Отовсюду посыпались возгласы одобрения. Татьяна снова схватила меня под руку и потащила к выходу.
Мы обошли здание, прошли под окном моей комнаты и оказались на небольшой лужайке, покрытой стриженной газонной травой и обильно насыщенной лавочками. Мужчины закурили, женщины стали собирать опавшие листья и выискивать на деревьях белок. Некоторые принесли с собой бадминтон и принялись играть. Я почувствовал себя пятилетним ребенком, которого в детском саду воспитатели вывели на прогулку. Затем, обратив внимание на то, что иду под руку с девушкой, почему-то показалось, что это мероприятие больше походит на выгул пенсионеров в доме престарелых. Так или иначе, прогулка вызывала чувство уныния и безысходности.
– Чудовищно, правда? – спросила меня Татьяна, когда мы присели на одну из скамеек, - Такое ощущение, что нас пасут, как каких-нибудь баранов или коров.
Я засмеялся.
– А мне показалось, что это прогулка в доме престарелых.

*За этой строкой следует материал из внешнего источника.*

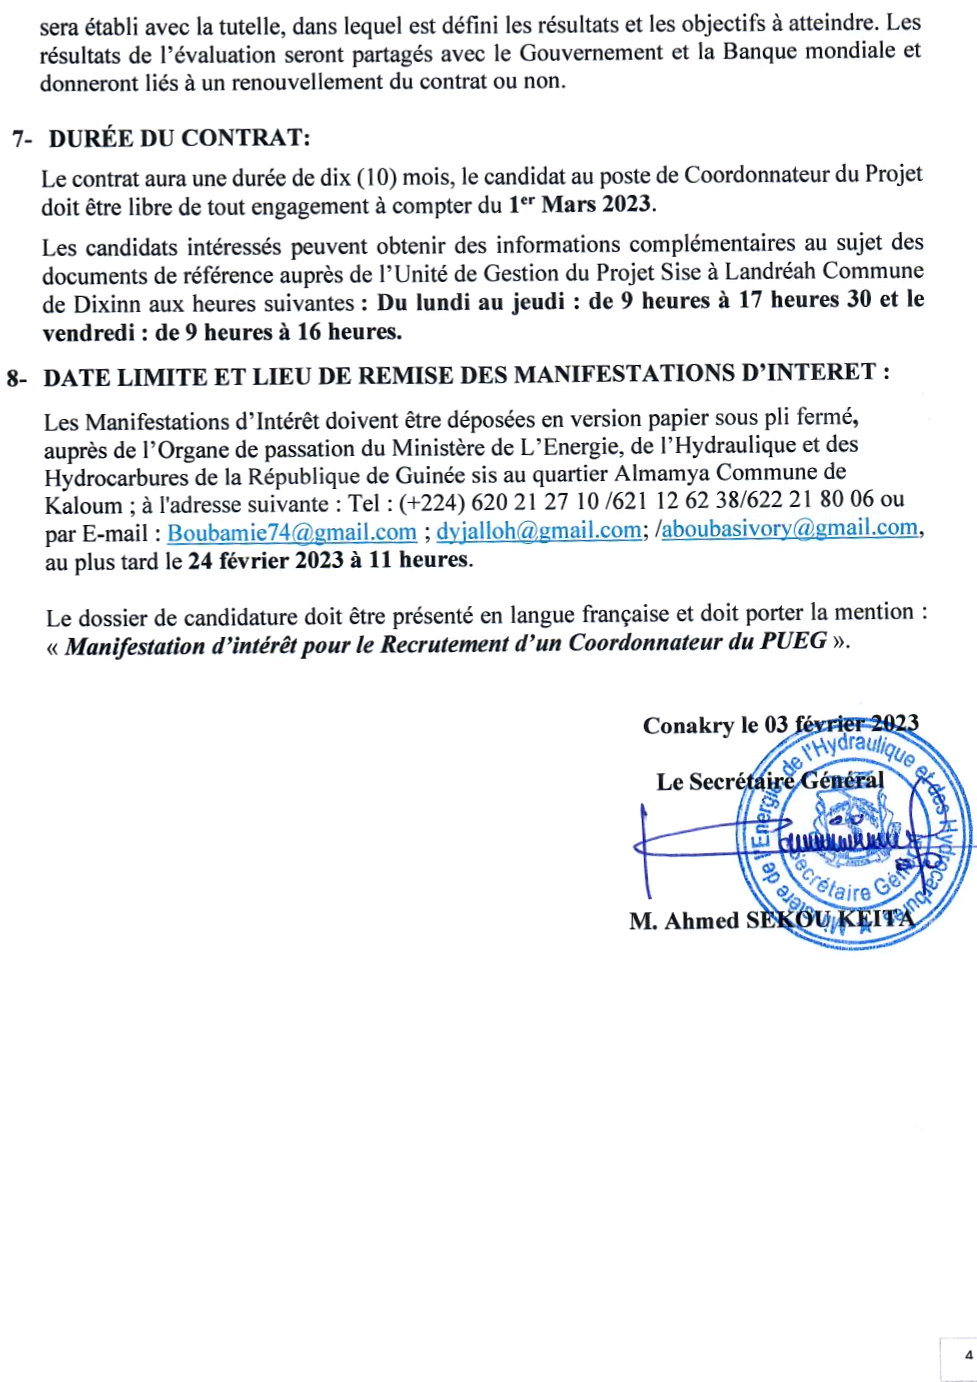 AVIS A MANIFESTATION D’INTERET POUR LE RECRUTEMENT D’UN COORDONNATEUR POUR LEPROJET URBAIN EAU DE GUINEE (PUEG) | Page 4

Теперь засмеялась и она тоже.
– Это пройдет. Просто ты еще не привык. Я первое время вообще с ума сходила. Странно звучит из уст сумасшедшей, но чувство было именно такое. Ни с кем не общалась, сидела целыми днями в комнате. Разговаривала только с Аглаей. Еще немного и точно руки на себя наложила бы. Но она, конечно, молодец. Настоящий профессионал. Знал бы ты, с какими психиатрами приходилось сталкиваться до этого, ты бы понял. Регеций вообще не такая!
– Хотел спросить у тебя насчет самоубийств. Мне тут один конвоир говорил, что в отделении высокая смертность. Причем, люди именно накладывают на себя руки.
– Да? – удивилась Татьяна, - Честно говоря, ни разу не замечала. Выздоравливали люди – это да. Их выписывали. Но чтобы кончали с собой… Может он обманывал?
– Не знаю. Вряд ли. Незачем ему было это делать.
– Просто этого быть не может. Ну, скажи мне, кому взбредет в голову себя убивать, когда тебя с утра до ночи носят на руках? Причем, совершенно бесплатно. Будь моя воля, я бы, наверное, вообще согласилась бы здесь всю жизнь провести. Ни забот, ни хлопот, ни потрясений. Кормят, одевают… - она хитро улыбнулась и посмотрела на меня, - Подселяют приятных соседей. Но самое главное – тебя здесь понимают. Тебя здесь поддерживают. Такого отношения я еще не получала никогда и ни от кого. Не представляю, как буду жить, когда выйду отсюда. Очень надеюсь, что у Аглаи получится меня вылечить, и боль от расставания будет не такой сильной, как кажется сейчас.
– Что-то долго она тебя лечит, тебе не кажется? Она
– Да, мое лечение немного затянулось. Но все люди разные, и степень заболевания тоже у всех разная бывает. Мой случай не самый легкий. Может поэтому так долго? Во всяком случае, я не против такого длительного пребывания здесь, я же говорила уже. Надеюсь, тебе тоже понравится.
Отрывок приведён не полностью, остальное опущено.